### EXERCISE OBJECTIVE
Could you give the listing again exactly, without its pictures?

### DATA BELOW
————

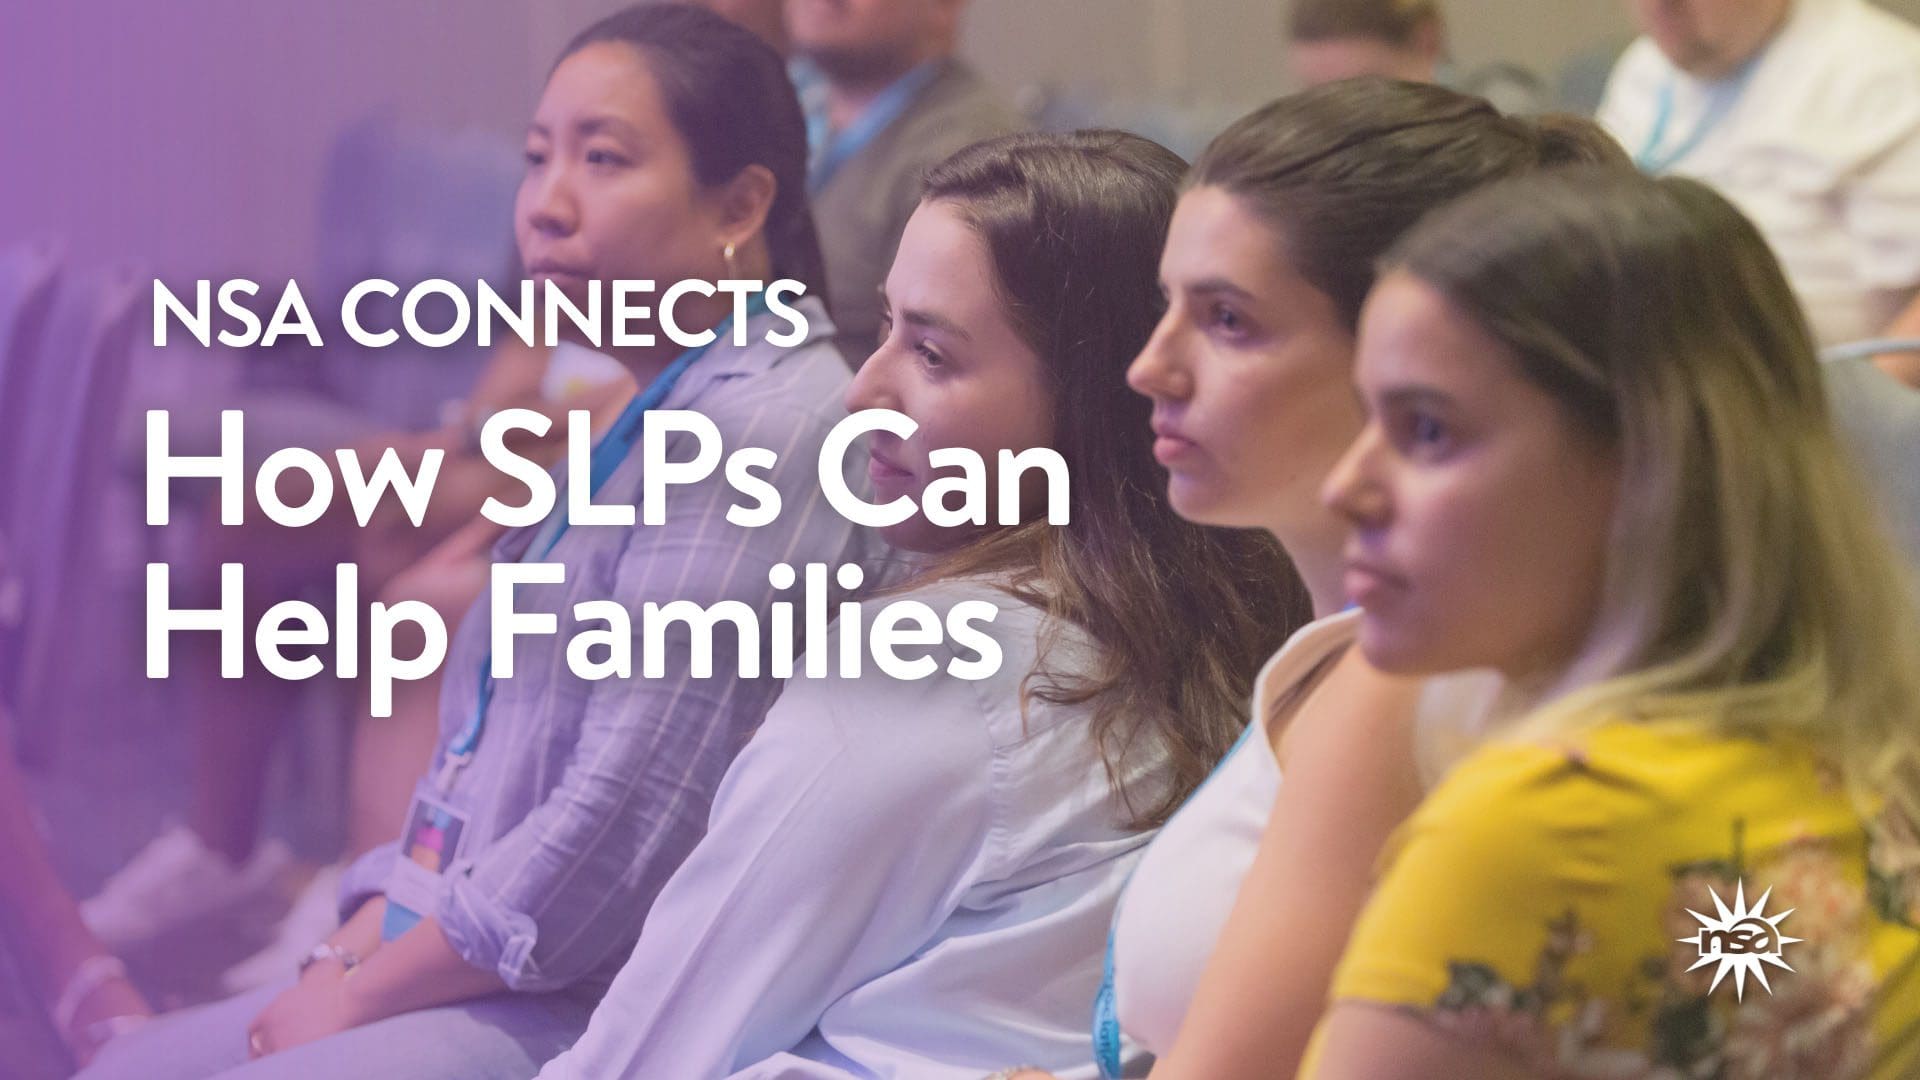 NSA Connects: How SLPs Can Help Families
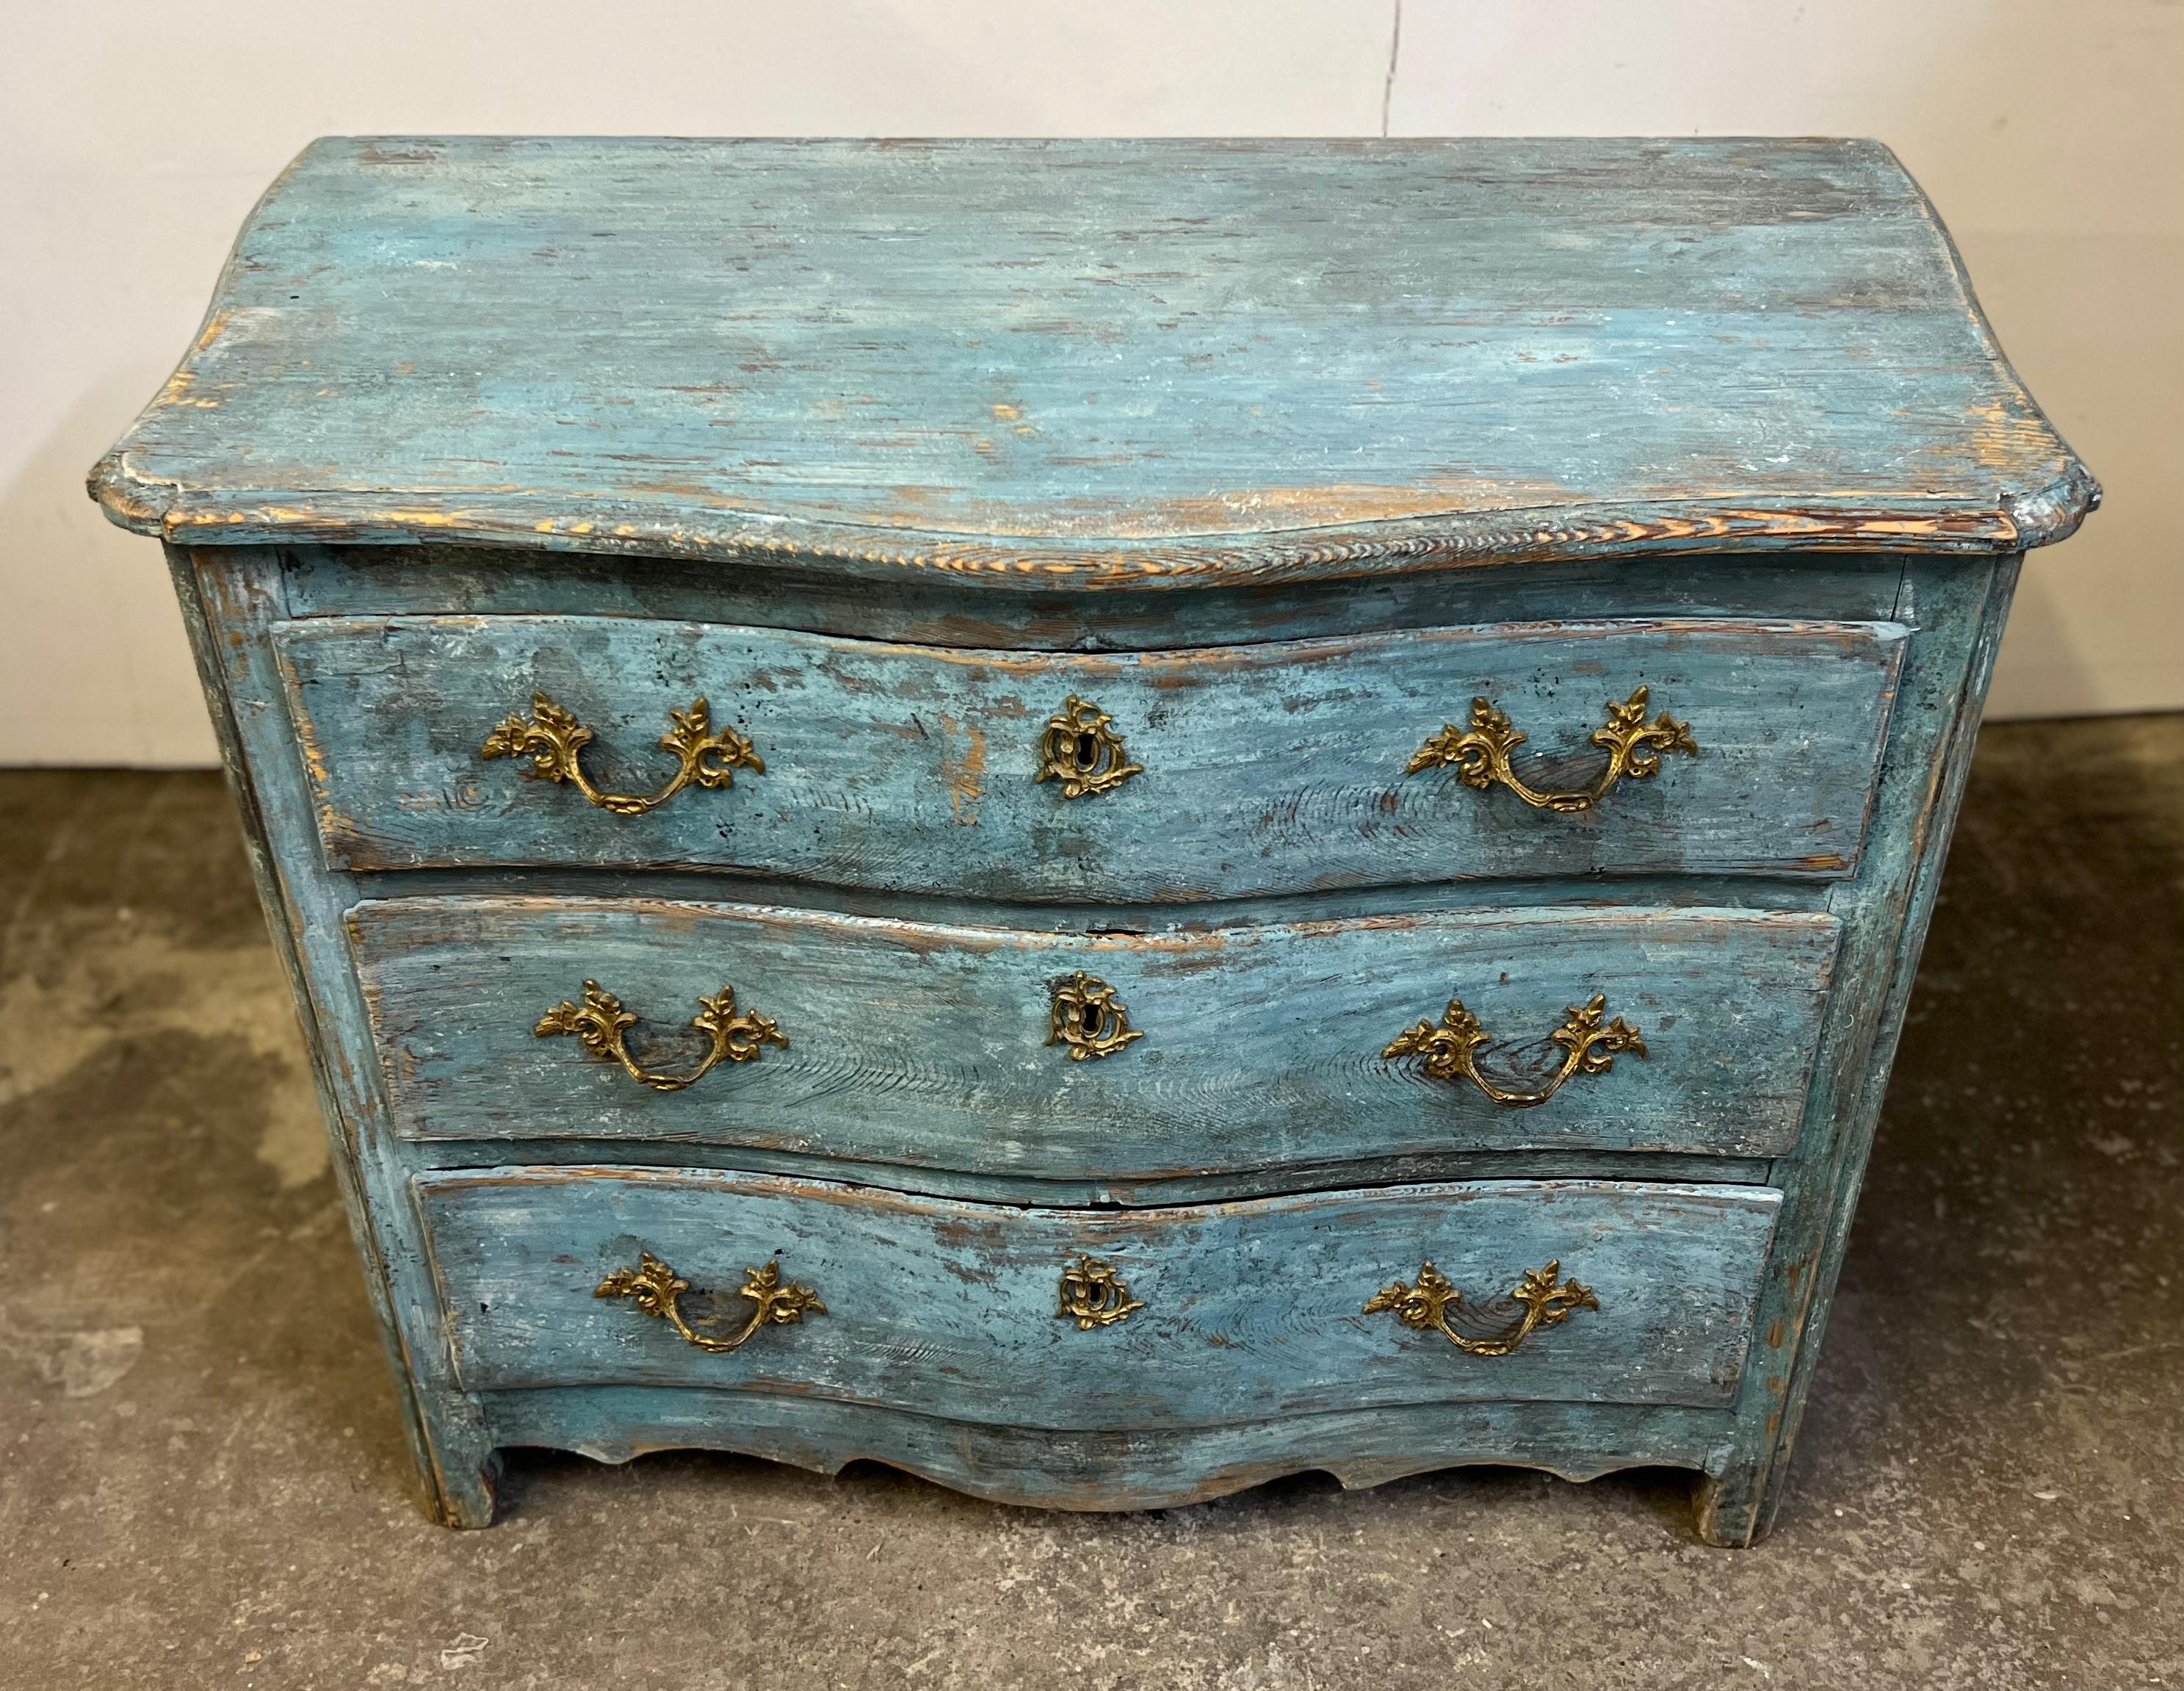 Stunning 19th century original blue painted Rococo commode. This is truly a special heirloom and investment. This piece features original hardware and 4 drawers. This is perfect for any setting whether it be a traditional design space or wabi sabi
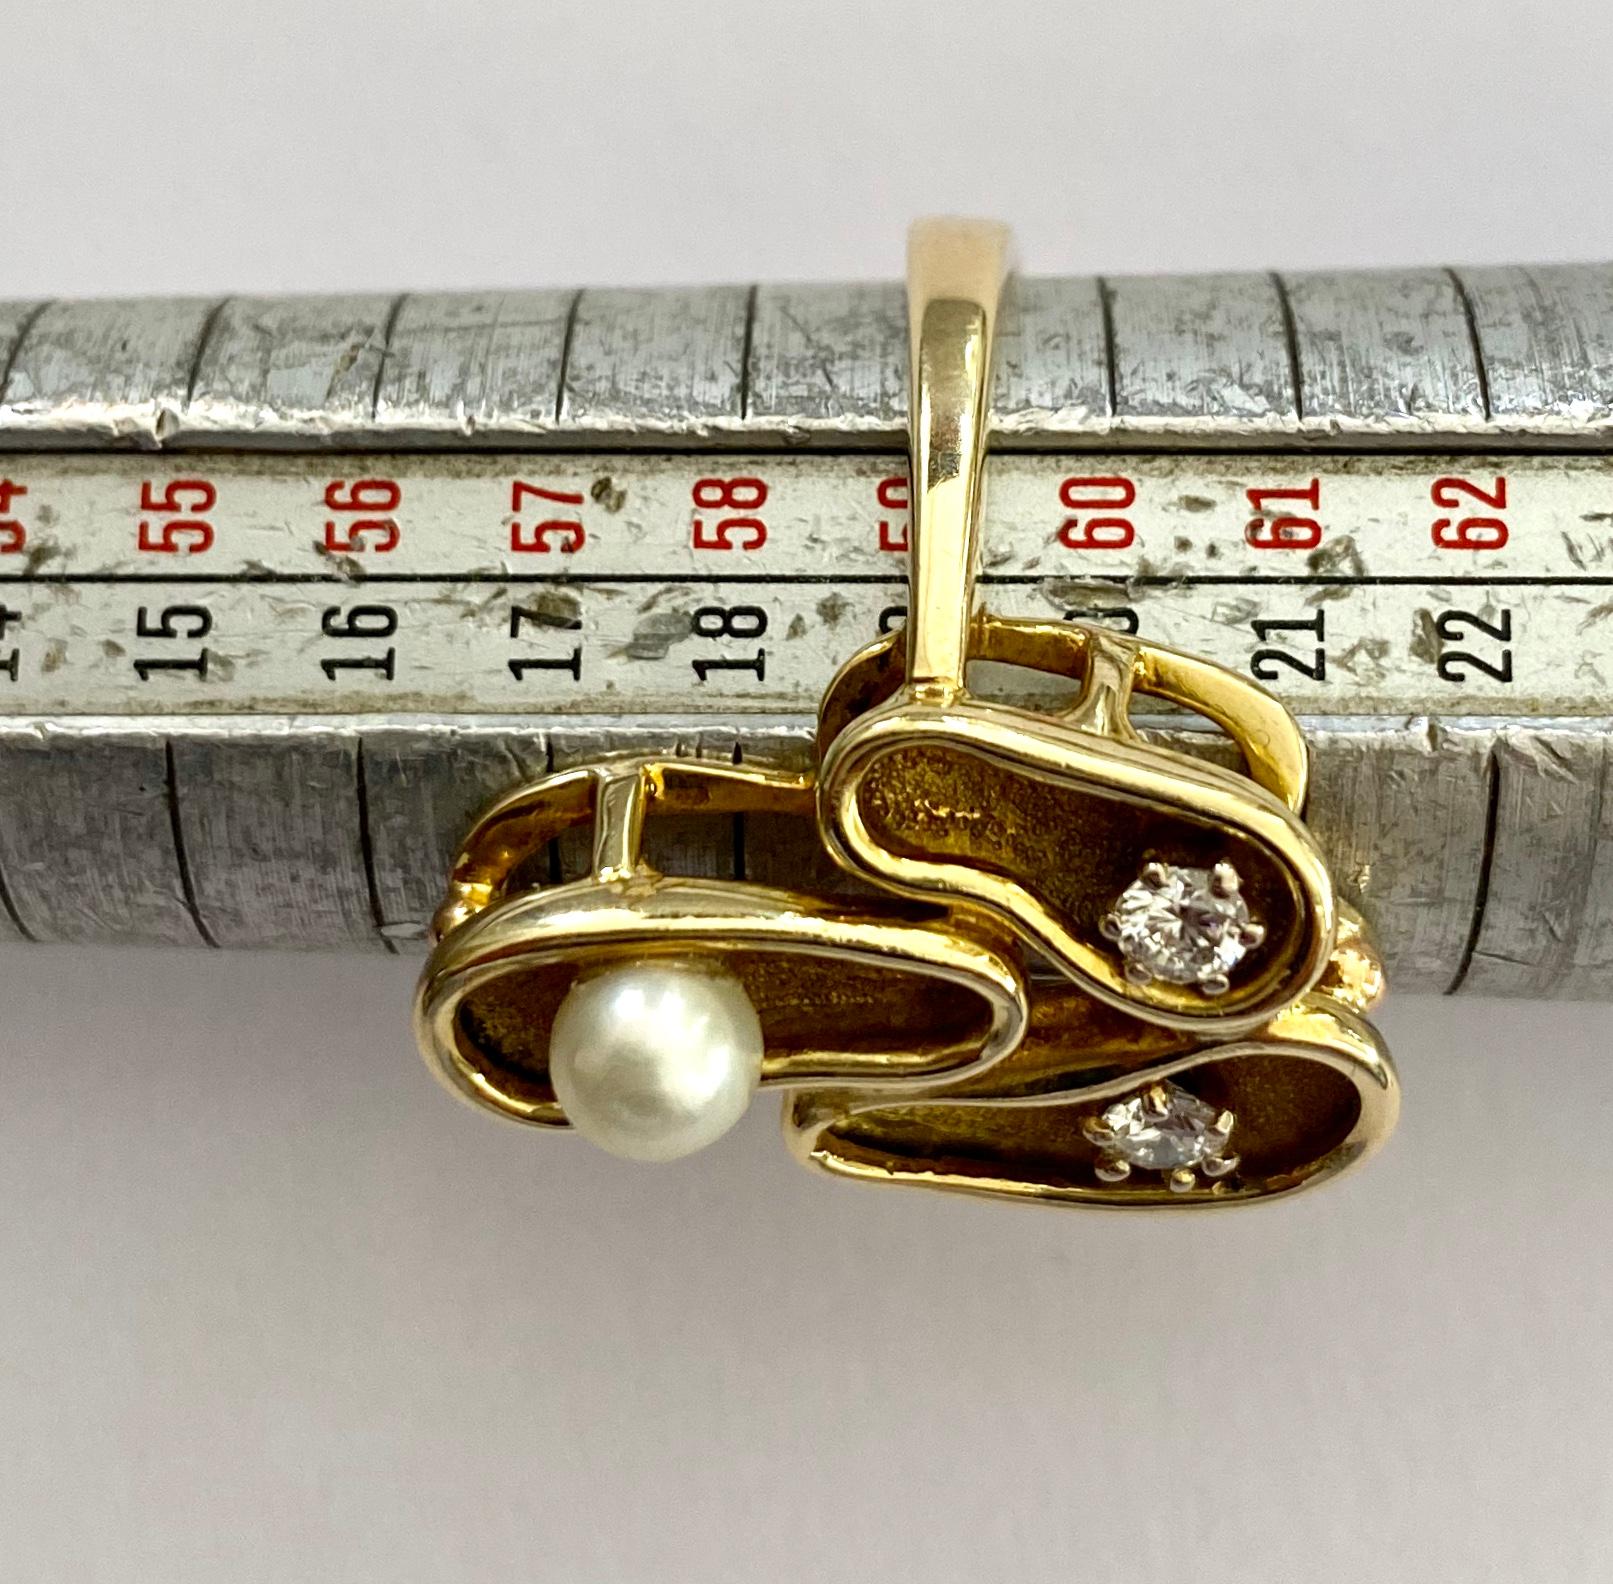 Women's One '1' 14 Karat Yellow Gold Ring, 2 Diamonds and 1 Cultured Pearl, Germany 1960

————

### TASK RESULT
 NSA Connects: How SLPs Can Help Families
 Stunning 19th century original blue painted Rococo commode. This is truly a special heirloom and investment. This piece features original hardware and 4 drawers. This is perfect for any setting whether it be a traditional design space or wabi sabi
 Women's One '1' 14 Karat Yellow Gold Ring, 2 Diamonds and 1 Cultured Pearl, Germany 1960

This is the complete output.